Basal cell carcinoma (BCC) is the most common form of human skin cancer. Its etiopathogenesis is still not fully understood. Generally, most common genetic alterations in human cutaneous cancers are found at the level of the p53 tumor suppressor gene [1,2]. The p53 tumor suppressor protein plays a critical role in both the induction of apoptosis and carcinogenesis [3].

Under normal conditions, the inactive form of p53 protein is usually present at low levels in the cytoplasm of cells. Cytoplasmic localization in normal cells is controlled by murine double minute (MDM2) oncogene [4]. Murine double minute is able to shuttle continually between the cytoplasm and nucleus because it contains both a nuclear export signal and a nuclear localization signal. In response to DNA damage, for example, by ultraviolet or ionizing radiation, p53 starts accumulating in the nucleus [1,5]. Deoxyribonucleic acid damage can cause activation of p53 by phosphorylation and, consequently, the interaction of p53 and MDM2 is disrupted [6,7]. Tumor protein 53 becomes temporarily free of MDM2 and then accumulates in the nucleus. The intracellular content of p53 depends on the DNA damage response.

Higher content of p53 directs the cells toward apoptosis, whereas low and/or moderate p53 levels result in cell cycle arrest, providing time for DNA repair [8,9]. On one hand, the activated p53 can induce apoptosis or cell cycle arrest through up-regulation of several associated genes. On the other hand, there are genes with antiapoptotic activity that are repressed by p53 at the transcription or translation levels, and this negative regulation is important for the induction of apoptosis [2,3]. Survivin, a unique member of the inhibitor of apoptosis protein (IAP) family, is known to be repressed by the wild-type p53. This repression is one of the mechanisms inducing apoptosis by the activation of the mitochondrial pathway [2,10].

Proteins that belong to the IAP family play a key role in negative regulation of apoptosis. Eight human IAP family members have been identified: c-IAP1, c-IAP2, NAIP, ILP-2, XIAP, apollon, ML-IAP/livin, and survivin [11,12]. Multifunctional survivin possesses a number of distinct features not shared with other IAP members: (1) it is the shortest polypeptide consisting of 142 amino acid residues; (2) the expression of this protein is cell cycle-regulated and occurs in the G2/M phase; (3) it is undetectable in most normal differentiated adult tissues, but is frequently expressed in embryonic and fetal organs, as well as in developed human malignant tumors; (4) it can be found in different subcellular localizations; and (5) it functions in both inhibition of apoptosis and regulation of cell division in contrast to other IAP members regularly restricted to 1 of these 2 functions [13-15]. Survivin is currently undergoing intensive research as a potential tumor marker and prognostic factor [14,16-19,39].

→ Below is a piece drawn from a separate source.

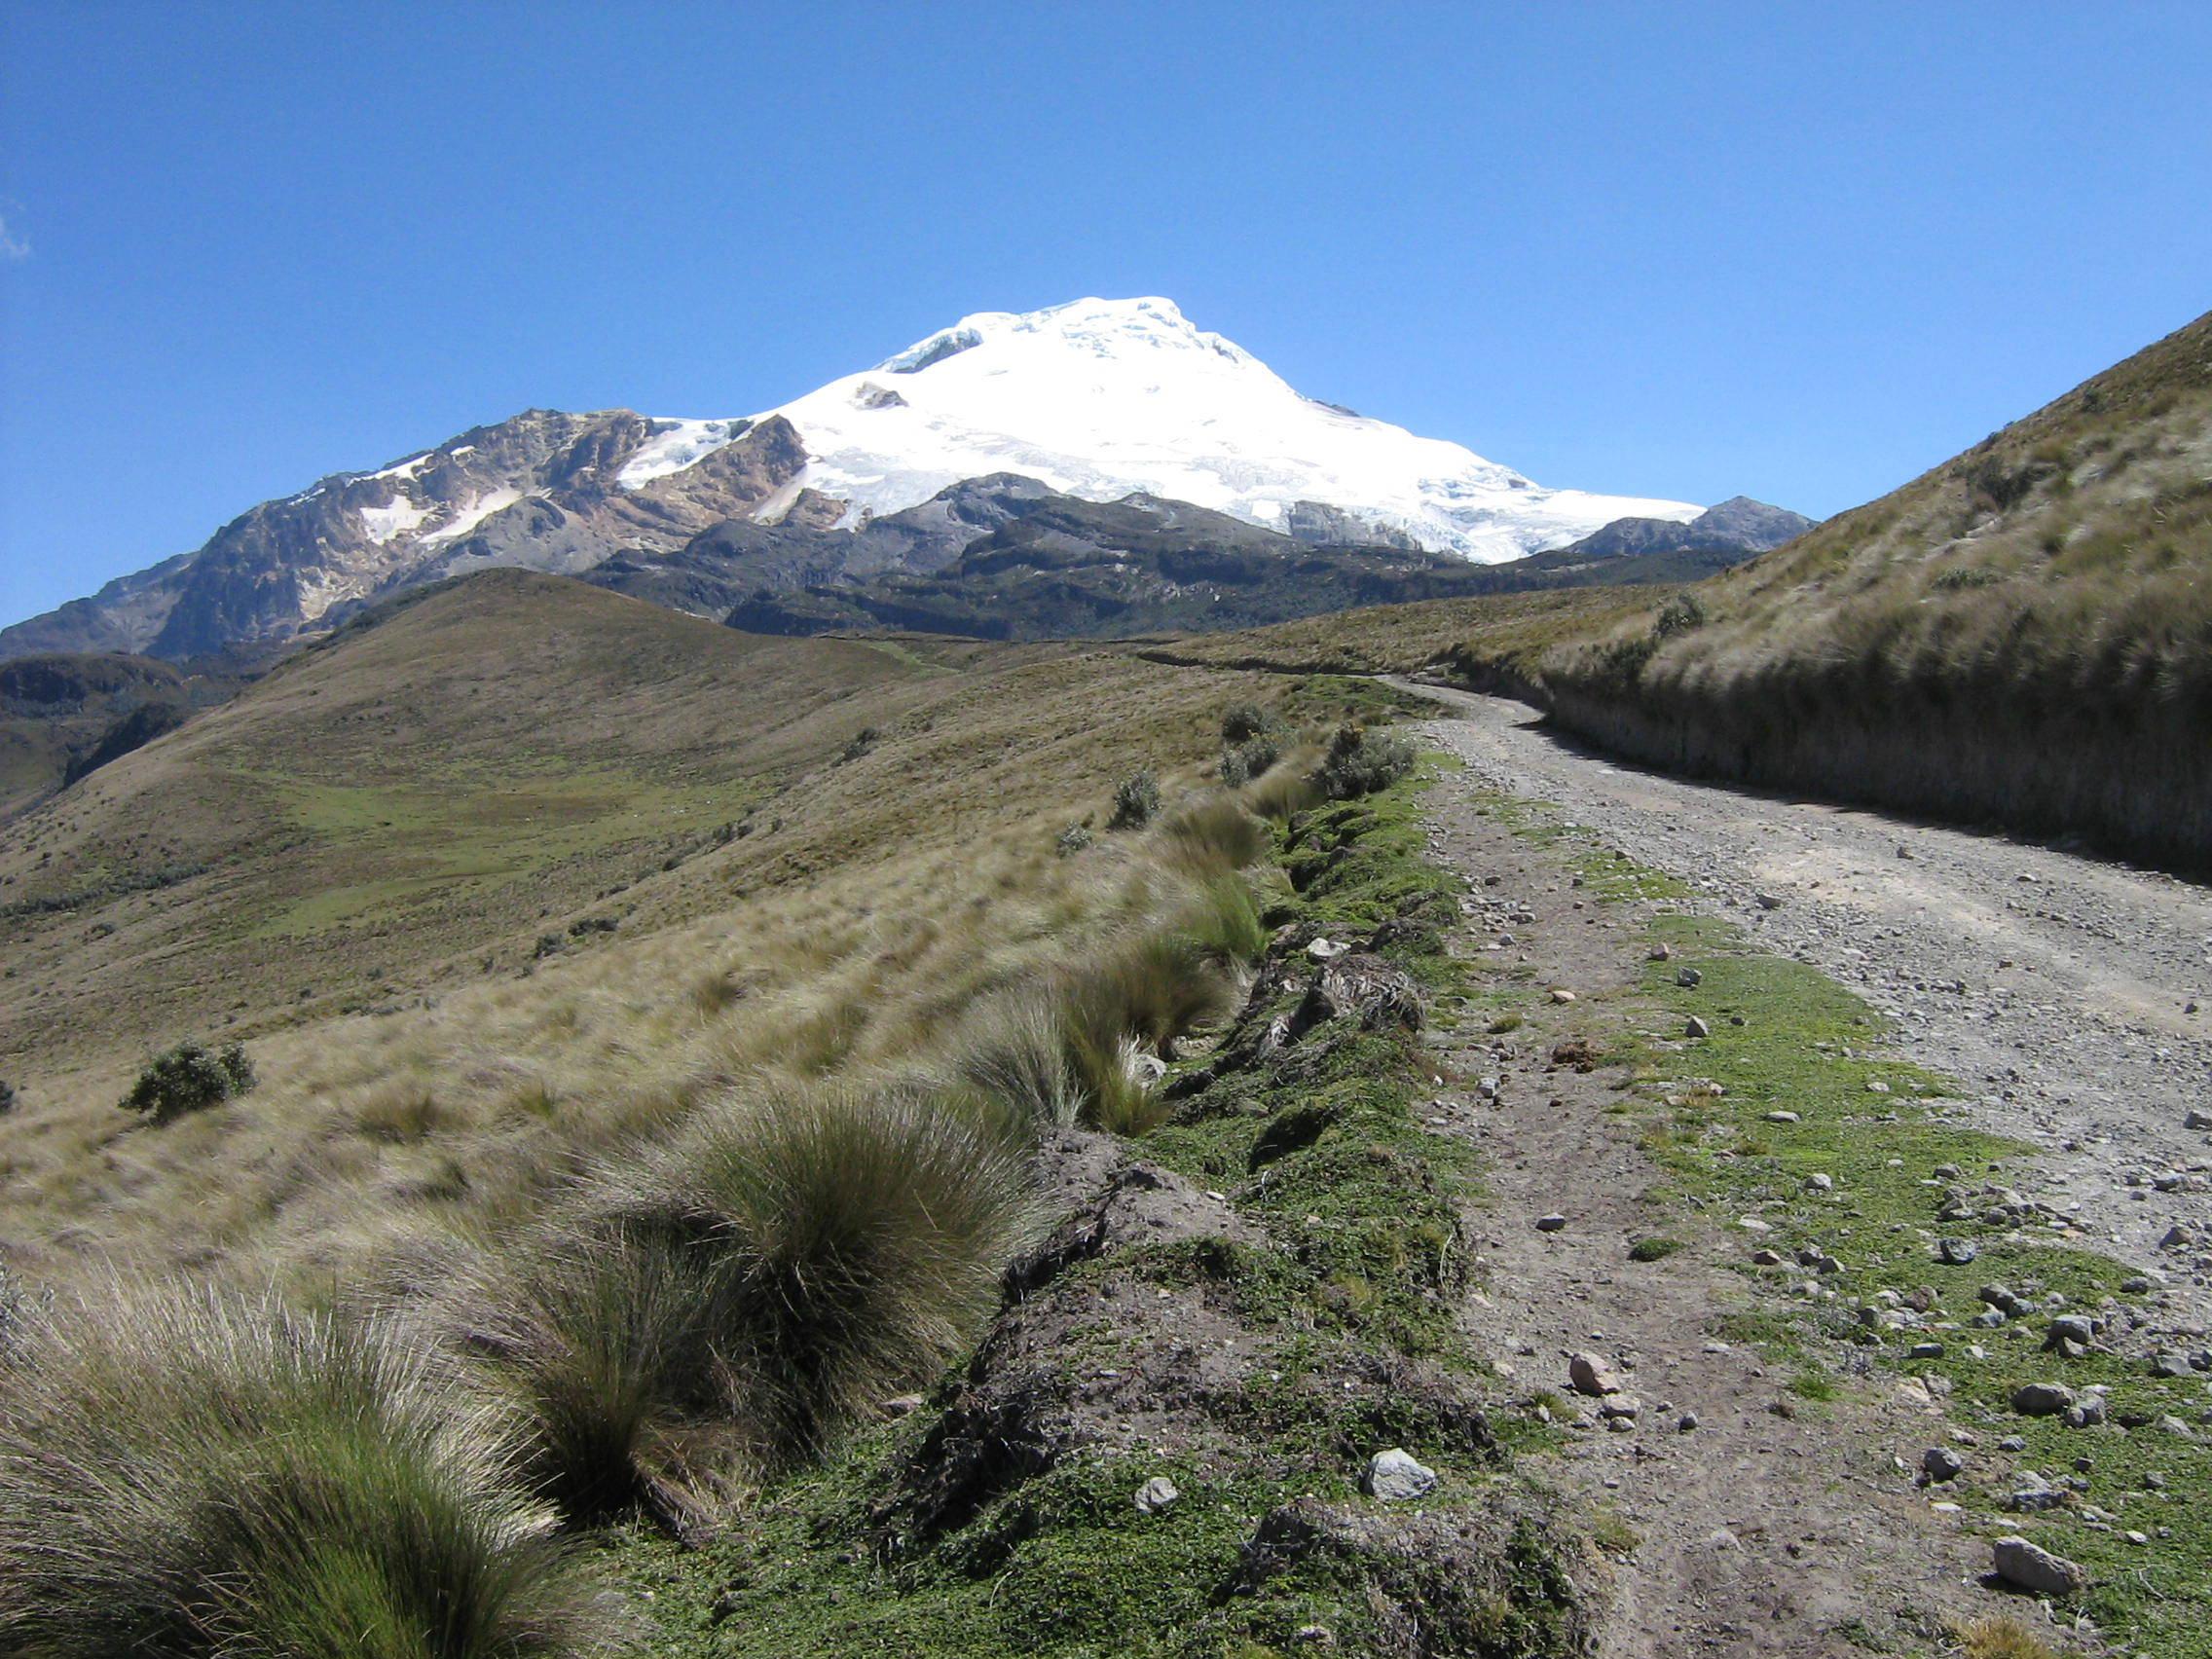 Straße/Weg zum Vulkan Cayambe und der dortigen Bergsteiger-Station
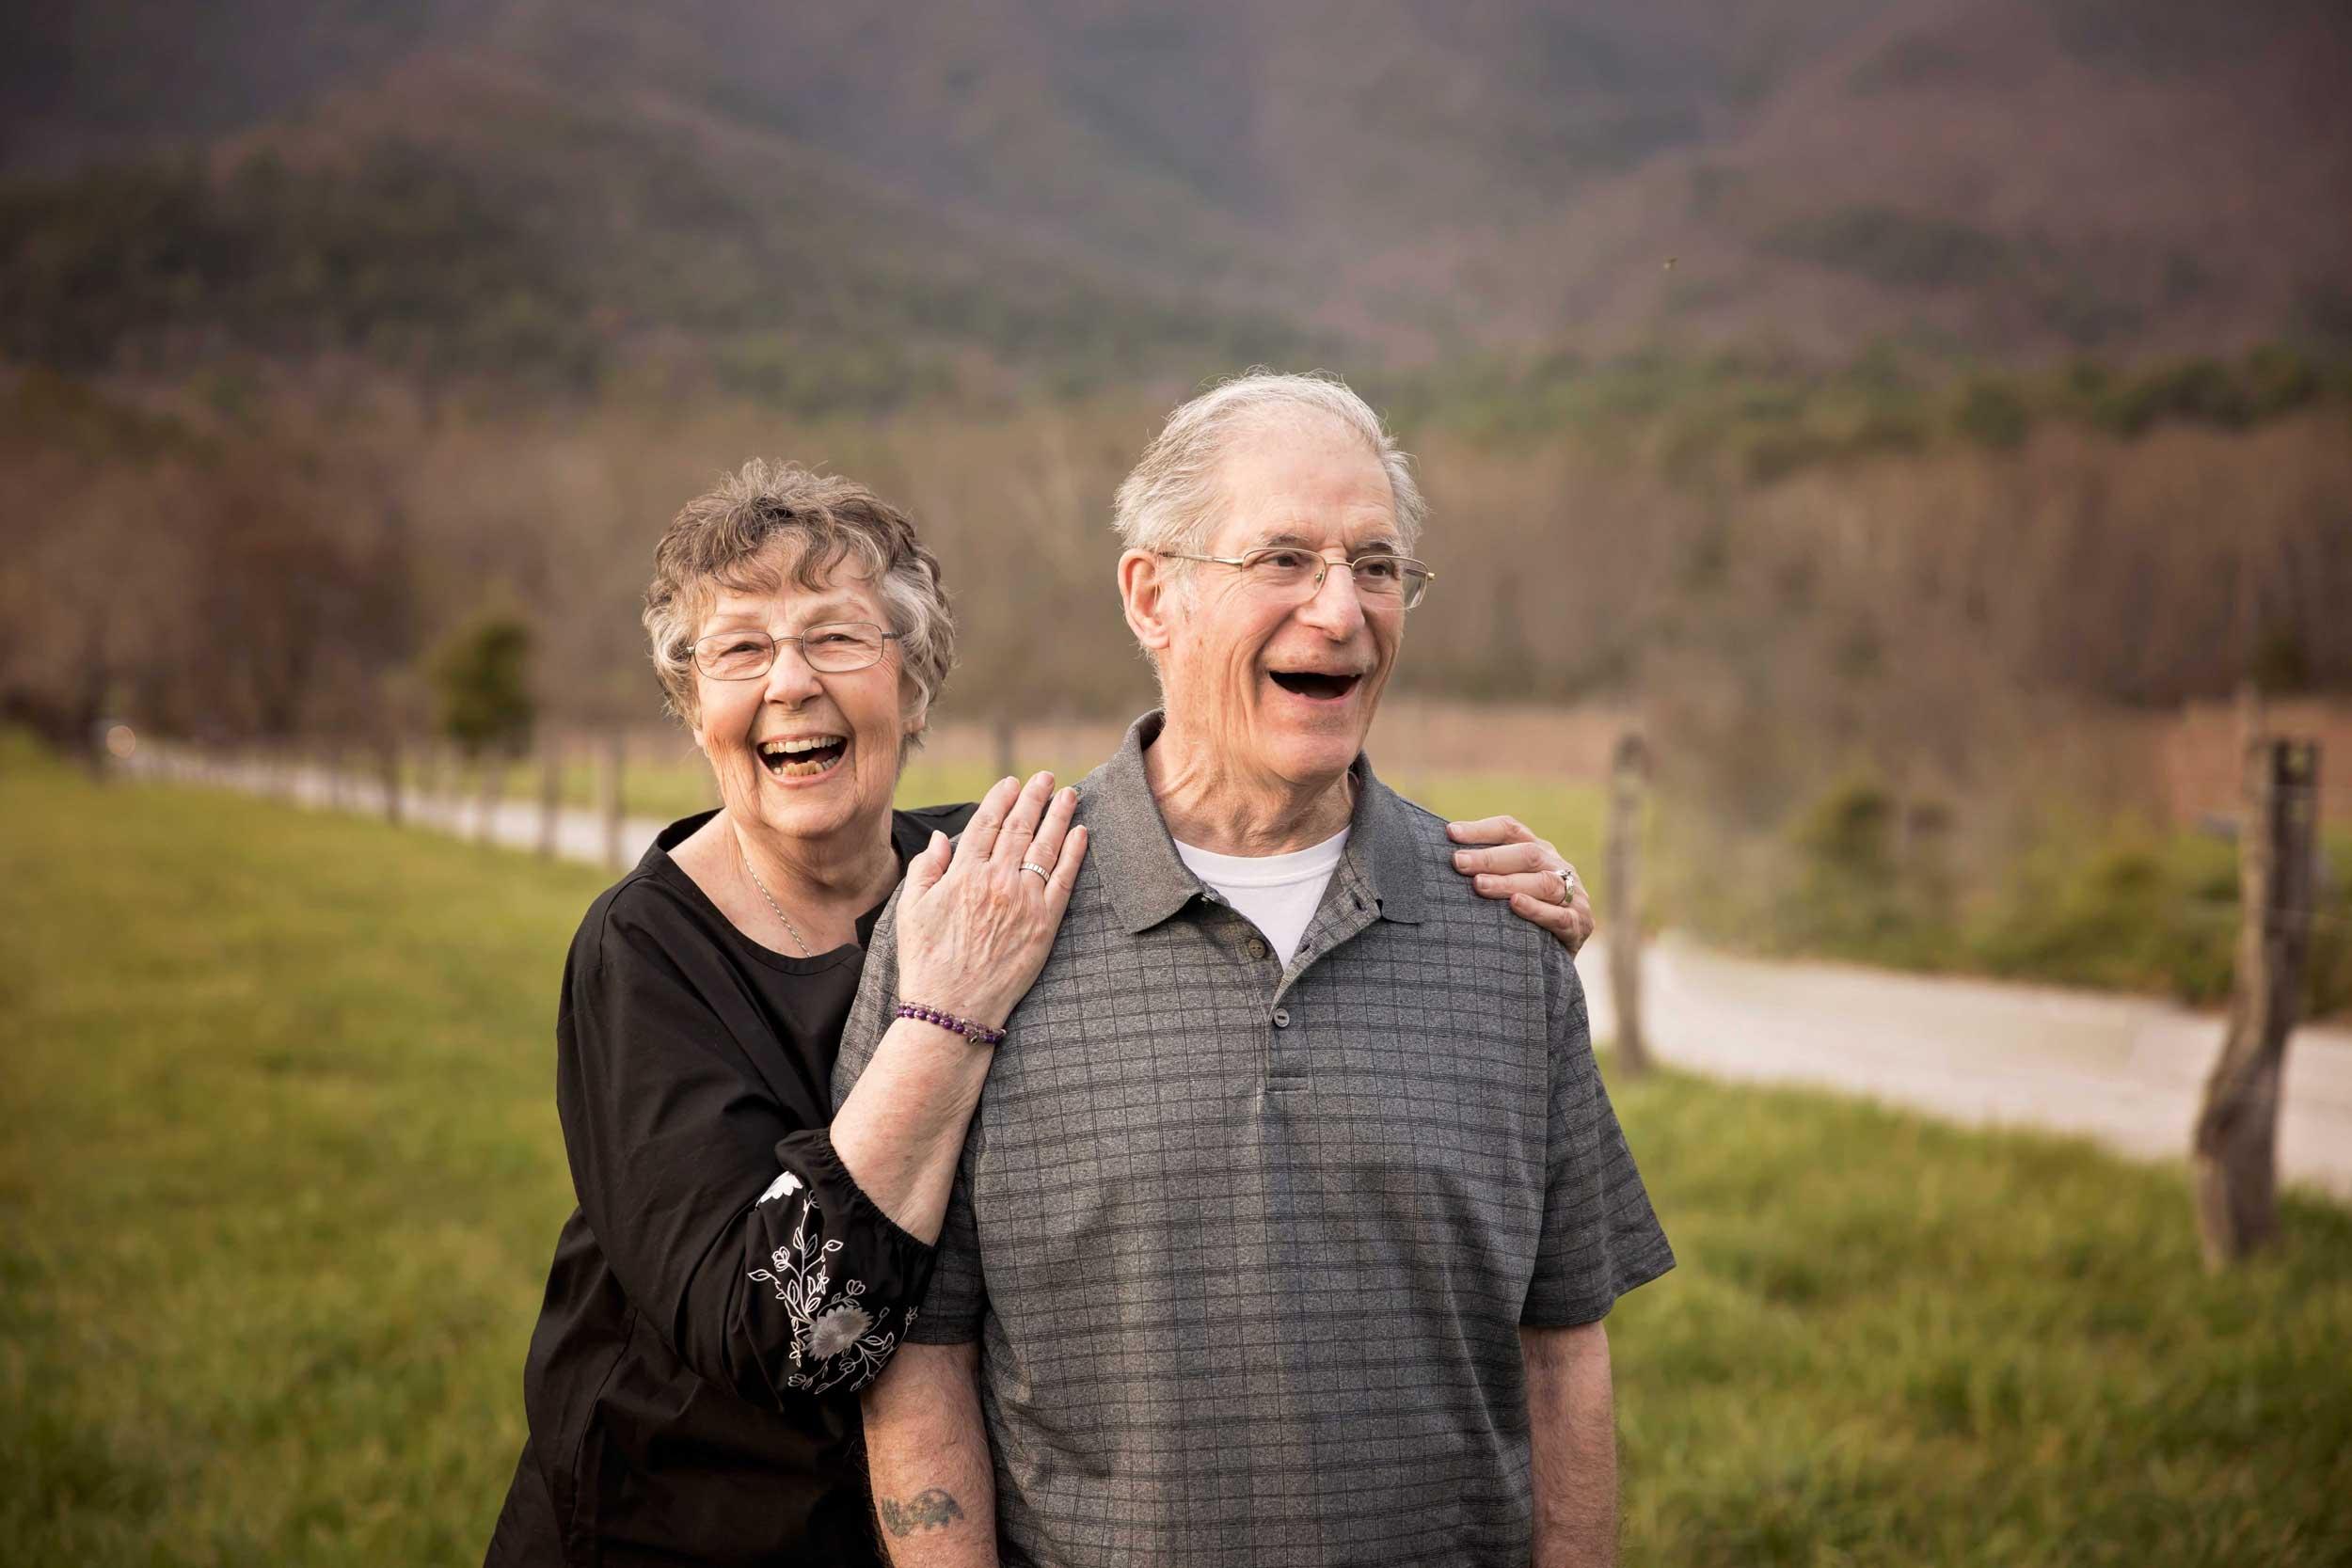 gatlinburg-photographer-couple-anniverasary.jpg

The down-regulation of survivin by wild type p53 in cell cycle is generally well known [3,19], but data that describe the expression pattern and the interaction between survivin and p53 in BCC cells are scarce [20]. Recently, more research groups have been dealing with this topic, mainly in the framework of apoptosis regulation. A variety of non-malignant and malignant cells are being studied, including human melanocytic and keratolytic lesions. The majority of skin lesion studies have focused primarily on squamous cell carcinoma and malignant melanoma [19,21-23]. However, this is not the case with BCC. Review articles on the molecular etiology and pathogenesis of BCC explain the genetic aberrations in human skin cancers at the level of the p53 gene; however, data on survivin expression are limited [20]. Therefore, we evaluated the expression pattern of both proteins with respect to intensity, relative number of positively stained cells, and cellular localization as detected by immunohistochemical methods and the relationship between their expression modes in cutaneous basal cell carcinoma.

Material and Methods

The sample included 31 subjects with cutaneous BCC. The hematoxylin and eosin-stained slides from each subject were independently reviewed by 2 pathologists to ascertain the diagnosis based on morphologic and immunohistochemical parameters and were correlated with clinical data. The standard diagnostic histomorphologic and immunohistochemical criteria were applied as previously described [24-26]. Immunohistochemical staining was performed using monoclonal mouse anti-p53 antibody (Dako, Carpinteria, CA) and monoclonal mouse antisurvivin antibody (Dako, Carpinteria, CA). Negative controls were obtained by simply omitting the primary antibodies.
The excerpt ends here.